In this embodiment, the light sensing unit 200 is located between two adjacent light emitting units 100, so as to better receive the reflected light of the fingerprint.

In the present embodiment, the substrate 10 is a flexible transparent PI substrate, mainly made of polyimide, and the PI material can effectively improve the light transmittance.

In this embodiment, the thin-film transistor layer 20 is disposed on the upper surface of the substrate 10, and the thin-film transistor layer 20 sequentially includes, from bottom to top, a first buffer layer 201, a substrate 202, a second buffer layer 203, a first gate insulating layer 204, a second gate insulating layer 205, a dielectric layer 206, a passivation layer 207, a first planarization layer 208, and a second planarization layer 209.
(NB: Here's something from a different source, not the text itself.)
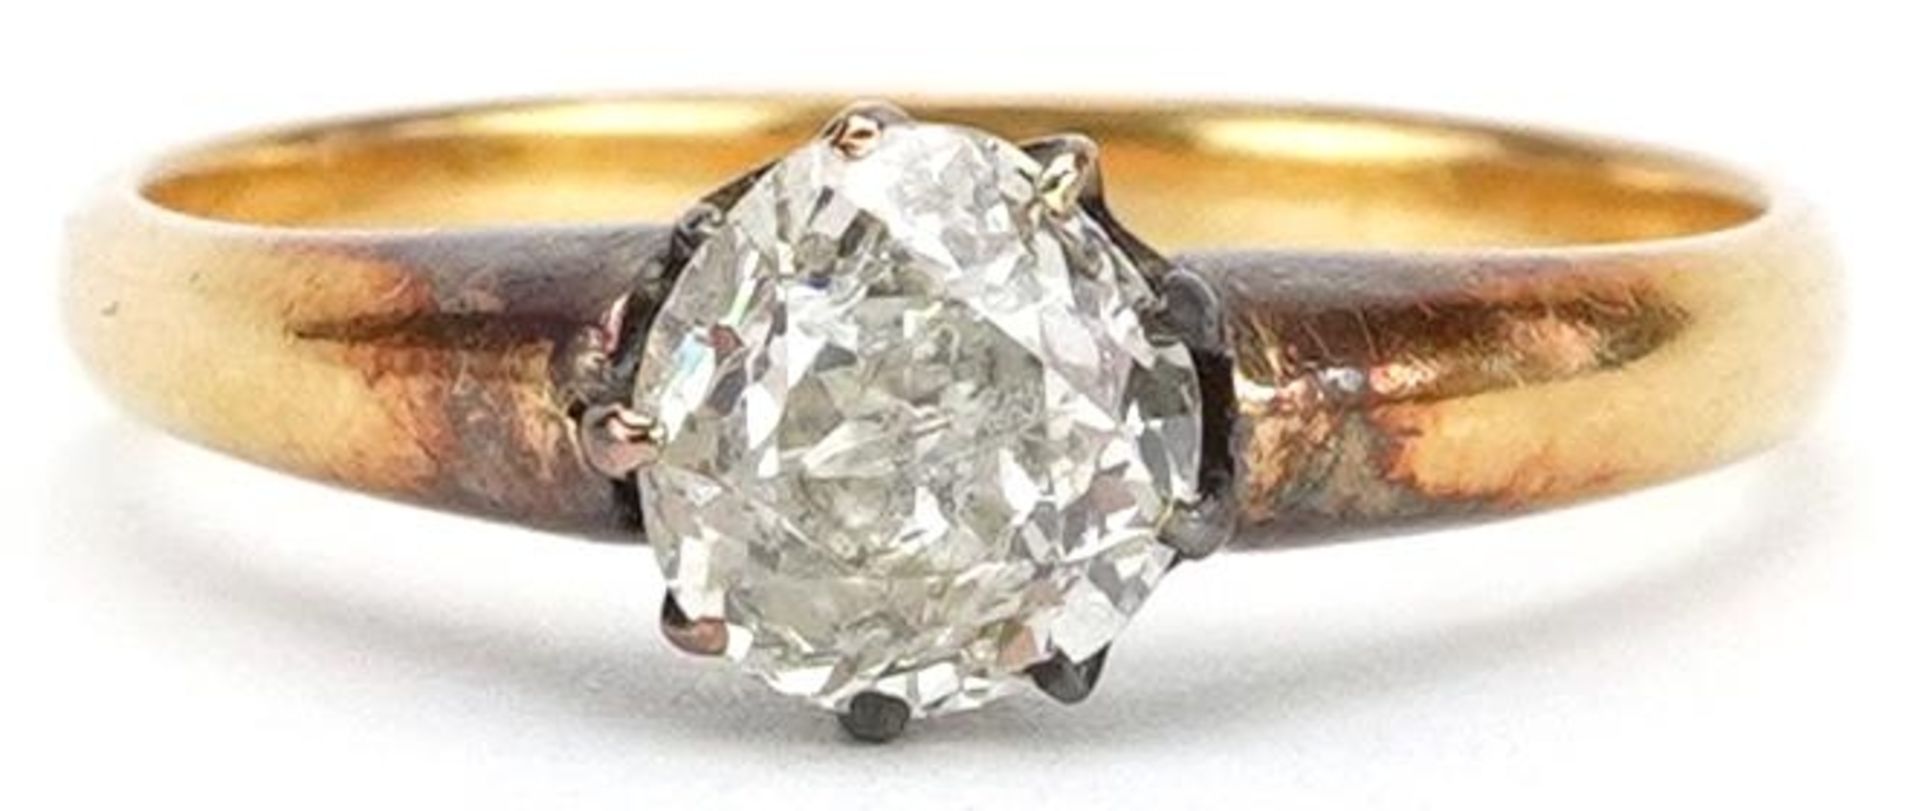 Unmarked gold diamond old wine cut diamond solitaire ring, tests as 18ct gold, approximately 1.12

The thin-film transistor layer 20 further includes a first active layer, a second active layer, a first gate electrode, a second gate electrode, a third gate electrode, a fourth gate electrode, a source/drain electrode, and a conductive layer.

The first active layer and the second active layer are disposed on the upper surface of the second buffer layer 203 far from the substrate 202, and are disposed at the same layer and at an interval.

The first gate and the second gate are disposed on the upper surface of the first gate insulating layer 204 away from the second buffer layer 203, and are disposed at the same layer and at intervals.

The third gate and the fourth gate are disposed on the upper surface of the second gate insulating layer 205 away from the first gate insulating layer 204, and are disposed at the same layer and at intervals.

The source/drain is disposed on the upper surface of the dielectric layer 206 away from the second gate insulating layer 205.

The conductive layer is disposed on the upper surface of the first planar layer 208 away from the second planar layer 209.

In this embodiment, the first active layer, the first gate electrode and the third gate electrode are in one-to-one correspondence on the substrate 10.

The second active layer, the second gate electrode, and the fourth gate electrode are in one-to-one correspondence on the substrate base plate 10.

In this embodiment, the light emitting unit 100 includes the first active layer, the first gate electrode, the third gate electrode, and the source/drain electrodes, which are stacked.

The photosensitive unit 200 includes the second active layer, the second gate, the fourth gate, and a conductive layer, which are stacked.

The source/drain electrodes are overlapped with the projection of the conductive layer on the substrate 10, and the overlapped portion is located at the gap between the light emitting unit 100 and the light sensing unit 200, so that the aperture ratio of the display panel is not affected.

The source/drain electrodes are data signal traces (Vdate), and the conductive layer is read-write signal traces (RW).

In this embodiment, the materials used for the first buffer layer 201, the second buffer layer 203, the first gate insulating layer 204, the second gate insulating layer 205, and the dielectric layer 206 are inorganic materials, including one of silicon nitride, silicon oxide, or silicon oxynitride, which is not limited in this embodiment.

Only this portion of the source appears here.